- Interactive map of Ungoggo
- Ungoggo Location in Nigeria
- Coordinates: 12°05′26″N 8°29′48″E﻿ / ﻿12.0906°N 8.4967°E
- Country: Nigeria
- State: Kano State

Area
- • Total: 204 km^{2} (79 sq mi)

Population (2006 census)
- • Total: 369,657
- • Density: 1,810/km^{2} (4,690/sq mi)
- • Religions: Islam Christianity (minority)
- Time zone: UTC+1 (WAT)
- 3-digit postal code prefix: 700
- ISO 3166 code: NG.KN.UN

= Ungogo =

Ungoggo is a town and Local Government Area in Kano State, Nigeria. Its Secretariat are in the north of the city of Kano.

It has an area of 204 km^{2} and a population of 369,657 at the 2006 census.

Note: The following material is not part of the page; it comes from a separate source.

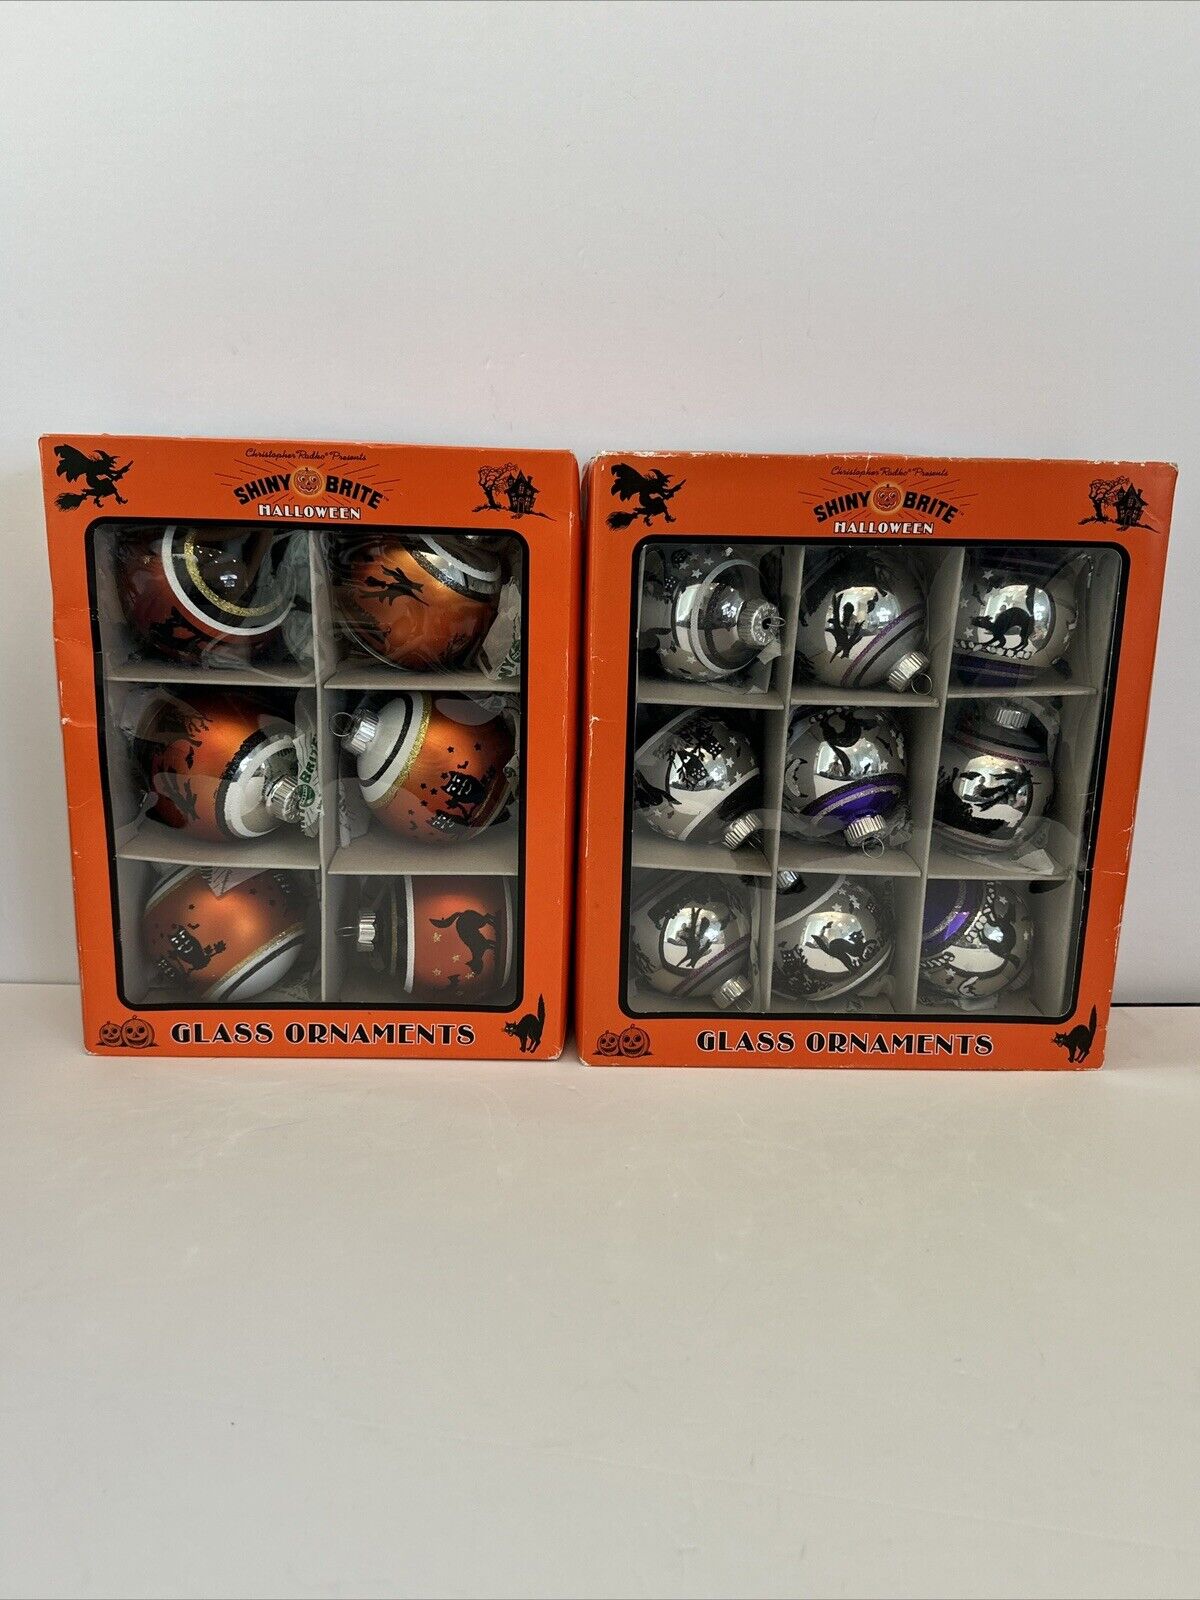 Christopher Radko Shiney Brite Halloween Glass Ornaments Set of Witches Cats Owl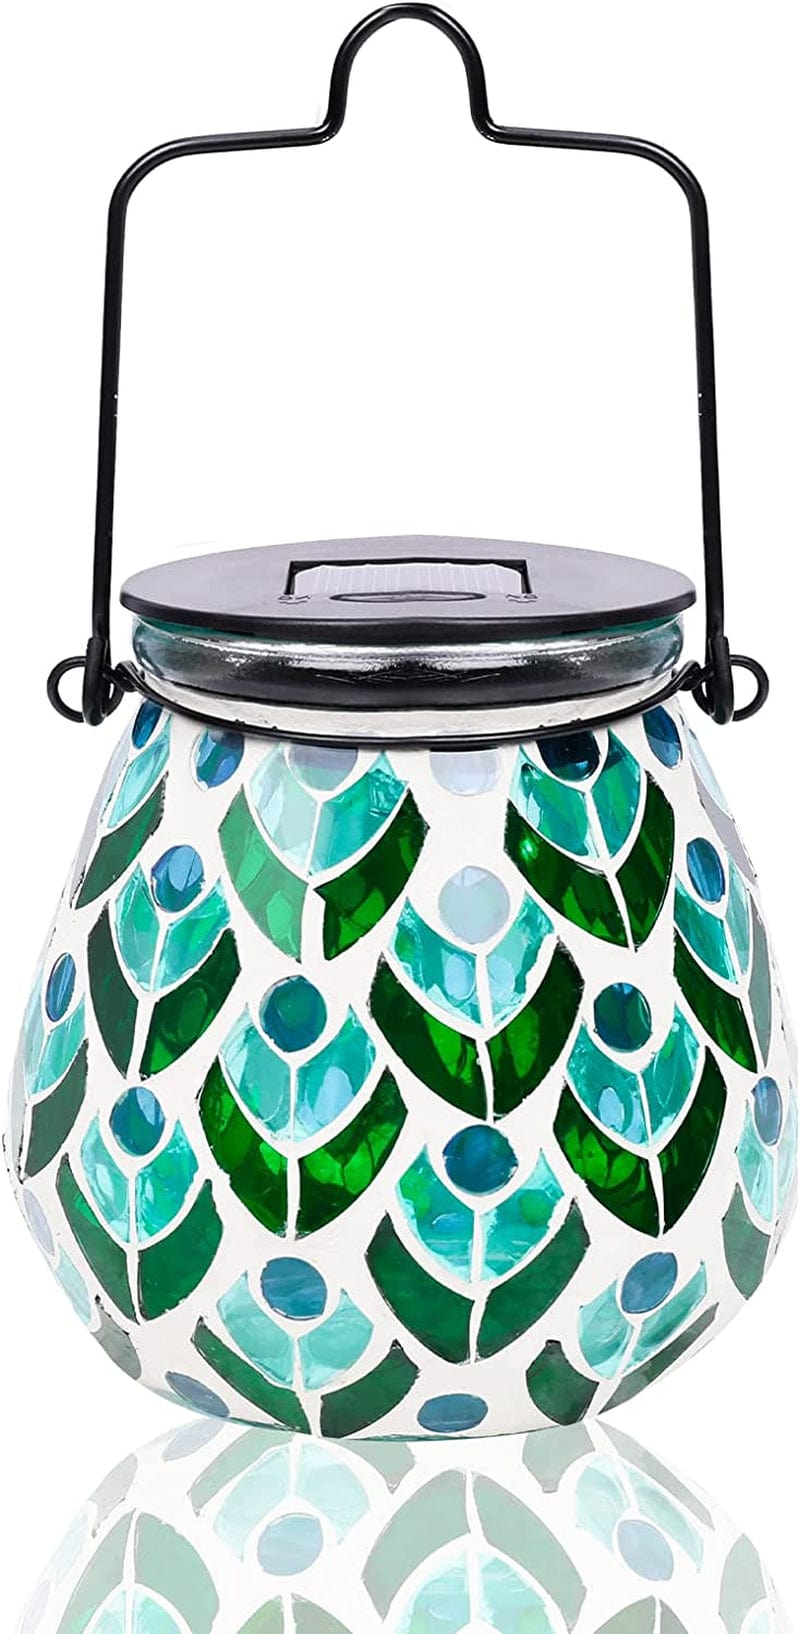 Afirst Mosaic Solar Lanterns Outdood - Glass Hanging Solar Lights Hollow Out Waterproof Table Lamp Outdoor Decorative for Garden, Patio, Holiday Party Outdoor Decoration Home & Garden > Lighting > Lamps Viigarden Peacock

The postal code of the area is 700.

==Religion==
There two main religions in Ungogo Local Government Area are Islam and Christianity.

== Geography ==
The Ungogo Local Government Area has an average annual temperature of 33 degrees Celsius or 91 degrees Fahrenheit and a total area of 204 square kilometres or 79 square miles. The two main seasons in the Local Government Area are the dry and the rainy seasons, with an average humidity of 28% throughout the region.
=== Climate ===
In Ungogo, the year-round heat and partly overcast dry season contrast with the unpleasant wet season. The average annual temperature fluctuates between 56 F and 101 F; it is seldom higher than 106 F. From March 17 to May 27, the hot season, which has an average daily high temperature above 98 F, lasts for 2.3 months. May is the hottest month of the year in Ungogo, with typical high temperatures of 99 F and low temperatures of 77 F. The average daily high temperature during the 1.7-month mild season, which runs from December 6 to January 29, is below 88 F. With an average low temperature of 57 F and high temperature of 30 C, January is the coldest month of the year in Ungogo.